Univ. urged to lead city’s sustainability

By Nicolas Niarchos

Contributing reporter

Yale and New Haven leaders met yesterday to discuss possible ways to provide the Elm City with sustainable options in the future.
Charles Francis
Yale and New Haven leaders met yesterday to discuss possible ways to provide the Elm City with sustainable options in the future.

New Haven residents and Yale students flocked to the Peabody Museum on Thursday night in search of a common goal — ideas for making the Elm City greener.

Six representatives from both Yale and New Haven organizations spoke about the potential for New Haven to become an environmentally sustainable city. The Peabody talk was part of a national event in which concerned activists from 70 separate communities across the country gathered in groups to discuss ways they could make their home towns more sustainable.

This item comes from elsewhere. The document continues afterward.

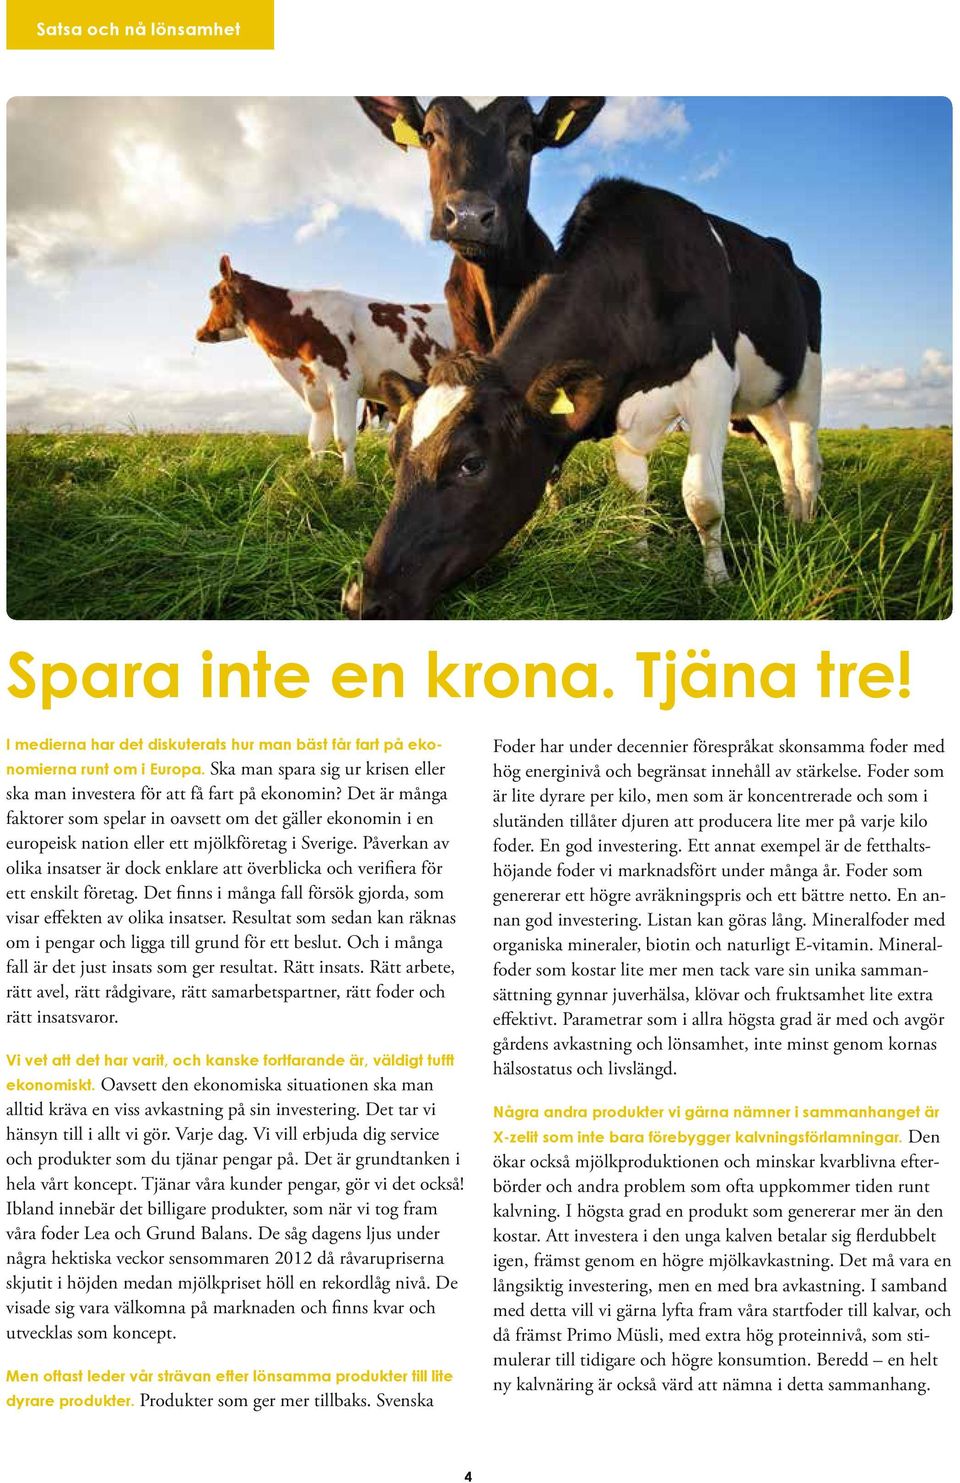 Det är många faktorer som spelar in oavsett om det gäller ekonomin i en europeisk nation eller ett mjölkföretag i Sverige.

Julie Newman, the director of Yale’s Office of Sustainability, who spoke first at the panel, said there are areas in which the University can become more environmentally friendly.

“I imagine a community where energy is produced efficiently and non-efficiently using renewable and non-greenhouse gas sources, where there is no waste and where food is available for all,” she said.

Colleen Murphy-Dunning, director of New Haven’s Urban Resources Initiative, said the city needs to plant more trees — the 26,000 trees in New Haven take in only 7,516,183 pounds of carbon dioxide per year, she said. New Haven should adopt a plan like one recently announced by New York, which has committed to planting a million trees by 2016, she said. Murphy-Dunning commended Yale students for planting 144 trees over the summer.

Peabody Museum Director Michael Donoghue, who introduced the panelists, said Yalies’ planting of trees was helpful to the community.

“It’s good to see Yale students doing something useful,” he said.

The event’s final speaker, Jerome Ringo — president of the Apollo Alliance and an environmental activist from New Orleans — said that as an African-American, he was inspired by the environmental vision articulated by Martin Luther King, Jr. Ringo spoke of the devastation of hurricanes Rita and Katrina in New Orleans and the Army’s naivete in promising to build new levees there by 2015. In other parts of his remarks, Ringo linked the current warm weather to global warming and criticized politicians such as Oklahoma Senator James Inhofe for being ignorant of the science of climate change.

Many of those who attended the forum said they think New Haven can become more sustainable.

Jessica Strauss SOM ’09 said she thinks New Haven can adopt policies that are more environmentally sound.

“I believe that New Haven can be a sustainable city,” she said. “It has all the pieces in place to do so, and I’d love to be a part of that change.”

Aaron Good ’04, who currently lives in New Haven and attended the forum, said the city can take steps to mitigate its negative environmental impact. He said he plans to ride in the Folks and Spokes environmental bike race on November 10.

“I think sustainability is the way of the future,” Good said. “There must be a critical mass for change to happen, and if that can be anywhere, New Haven is a prime candidate in this important move.”

Francis Knize, the managing director of Solar Trains Company, said he hopes to bring a solar-powered monorail to New Haven.

“We can run [a monorail] on solar power and brake reclamation,” he said. “We’re sure of it.”

Plans for a similar $2.5 million project in Hartford were rejected last year, he said.

But not all forum attendees thought the panel offered viable answers for sustainablity.

A New Haven resident at the event, who wished to remain anonymous, said the panel did not offer enough ideas about how the city can become more environmentally friendly.

“I don’t think it did very much,” he said. “There are specialists all over the world dealing in specifics, and all this offered was a few generalities.”